Parties want visit canceled

LONDON — A state visit to Britain by President Donald Trump later this year will go ahead, the prime minister’s office said today, despite increasing calls for it to be canceled over his temporary ban on residents of seven majority-Muslim countries entering the U.S.

Furor over the travel ban has tarnished what British officials had considered a highly successful trip to Washington by Prime Minister Theresa May. She met Trump at the White House on Friday and announced that he had been invited to come to Britain later this year as the guest of Queen Elizabeth II.

May’s Downing St. office said today that “an invitation has been extended and accepted,” and the visit is still on.

No date has been announced for the state visit, which involves lavish pomp and ceremony, generally with a stay at Buckingham Palace.

The visit was hailed by government officials as a sign of the close trans-Atlantic relationship, which was also reflected in May’s invitation to meet Trump just a week after his inauguration.

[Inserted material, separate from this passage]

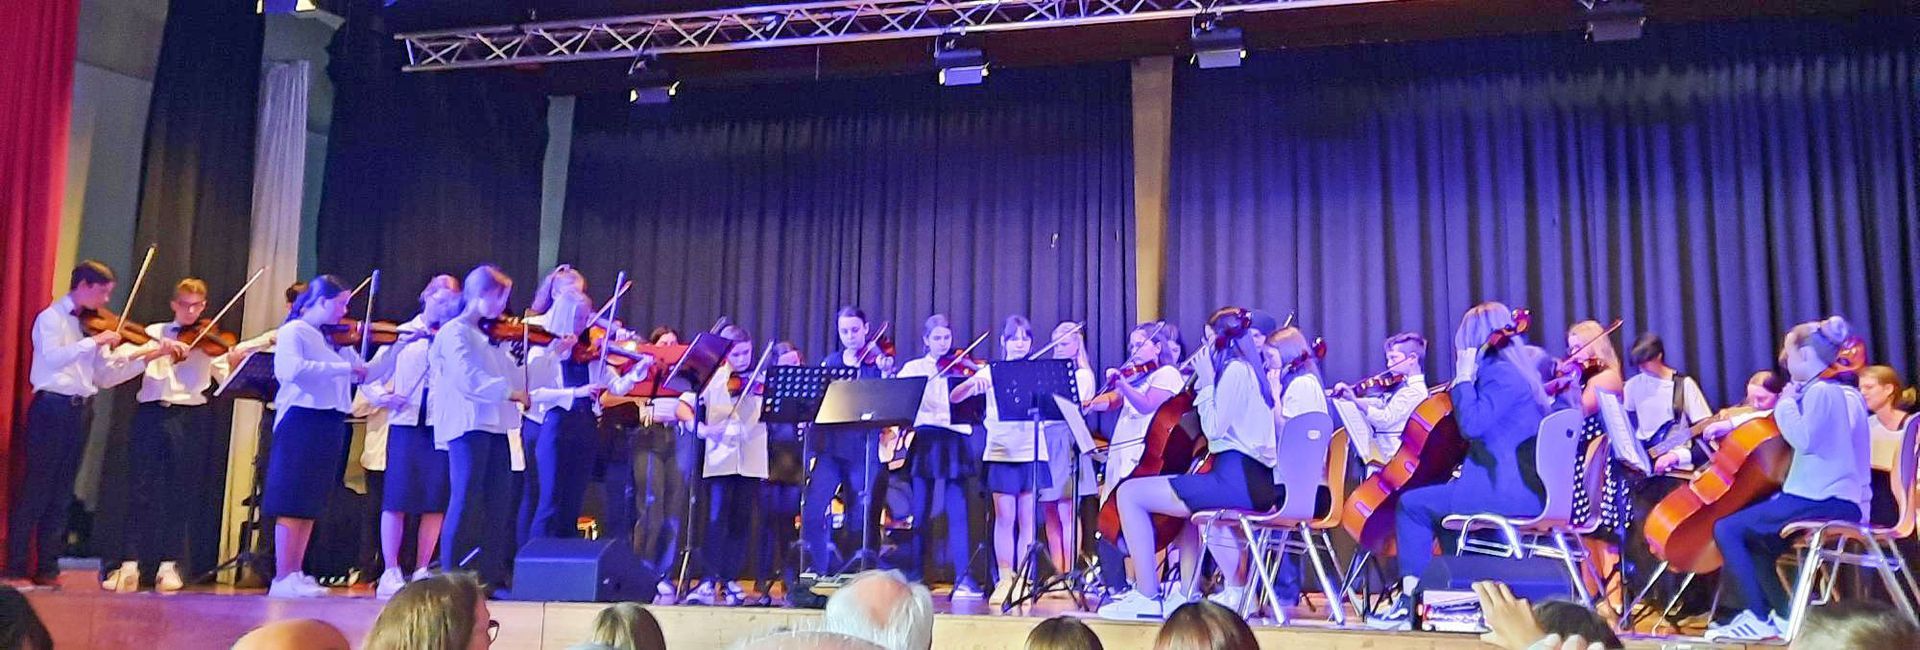 Sommerkonzert der Realschule Aspe: Ein musikalisches Fest der Begeisterung

But criticism of May’s wooing of Trump erupted when — only hours after the prime minister had left the White House — the president signed an executive order suspending all travel to the U.S. of citizens of Iran, Iraq, Sudan, Somalia, Syria, Yemen and Libya for 90 days. The order also bars all refugees entering the country for 120 days.

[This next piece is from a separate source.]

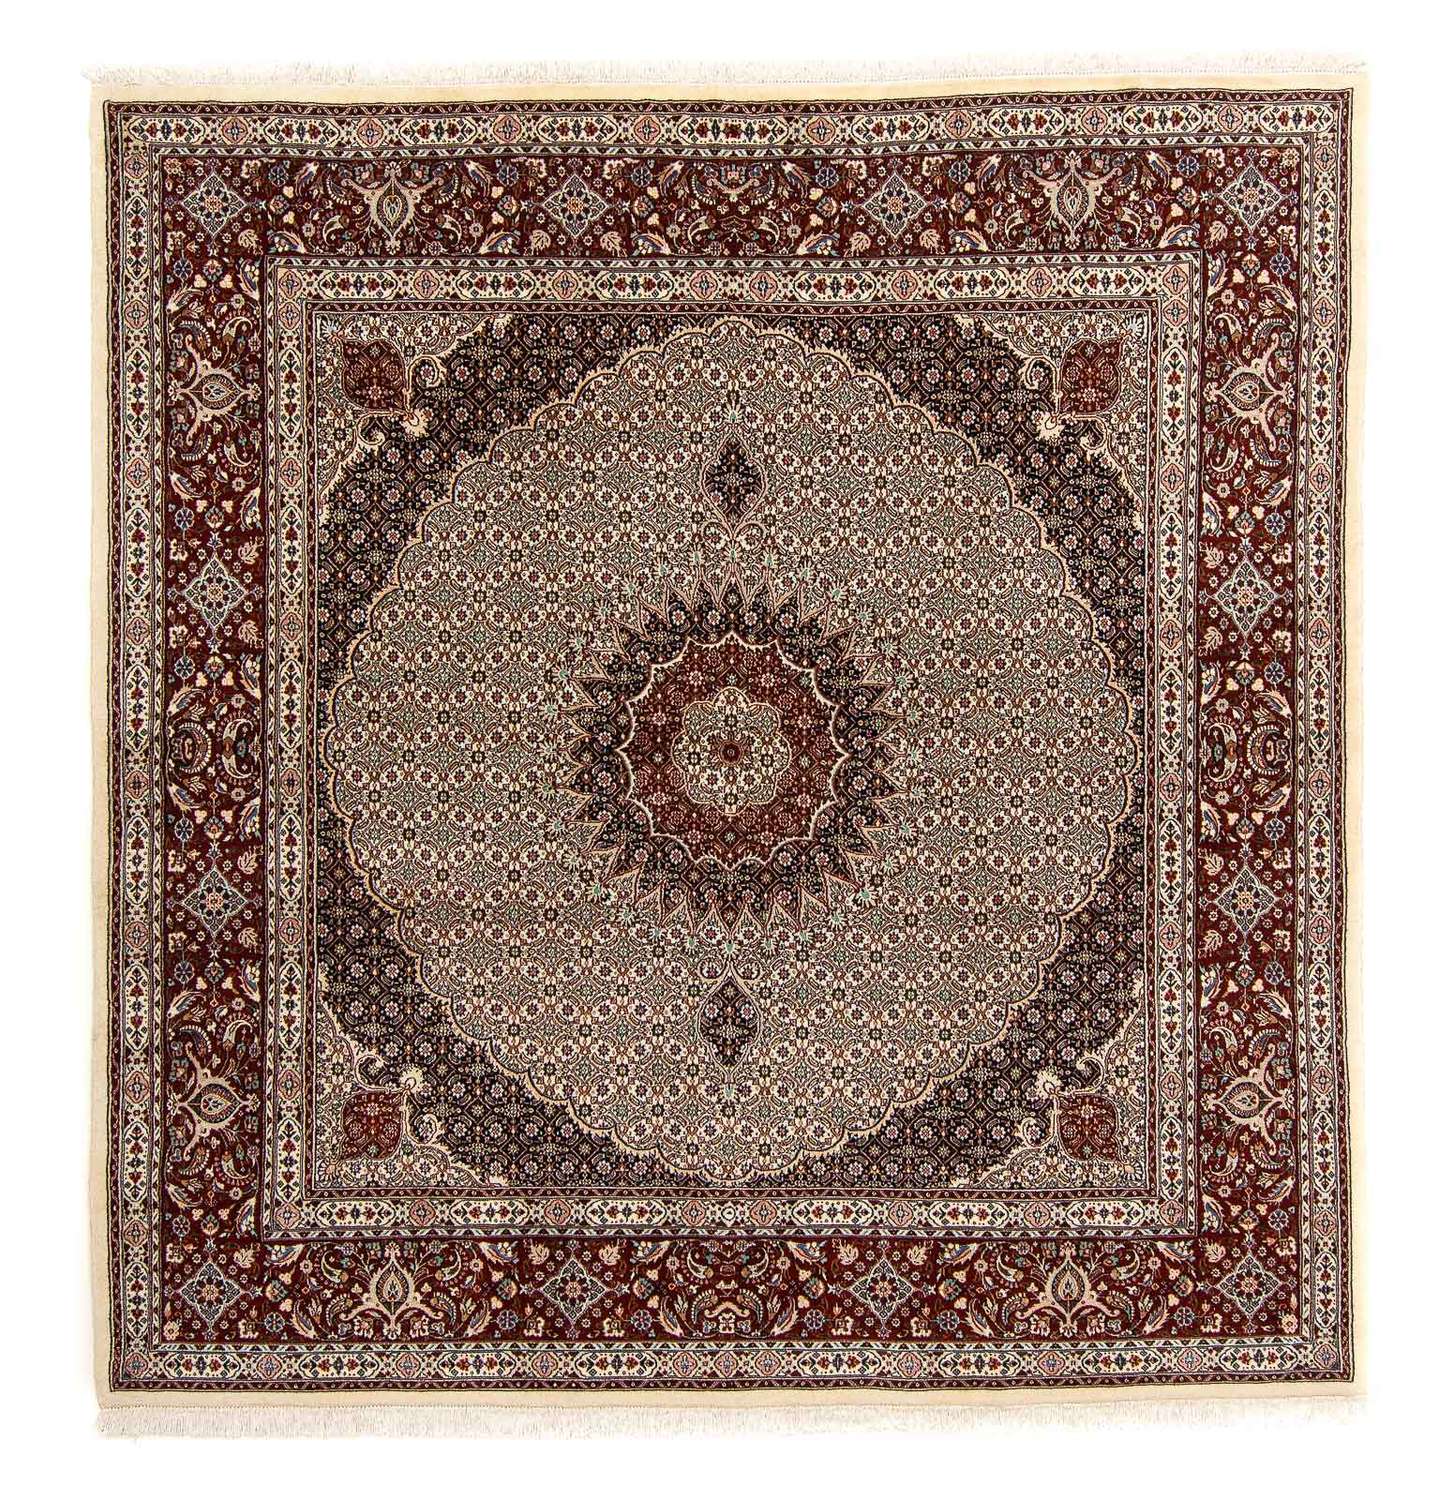 Tapis persan - Classique carré  - 262 x 250 cm - marron clair

Britain’s three biggest opposition parties have all called for Trump’s state visit to be canceled and an online petition opposing the trip has more than 1 million signatures. Protests against the travel ban are planned in London and other British cities.

Any petition with more than 100,000 signatures must be considered for a debate in Parliament, though not a binding vote.

Last year, Parliament debated whether to ban Trump, then a presidential candidate, from visiting Britain after a similar online petition was filed.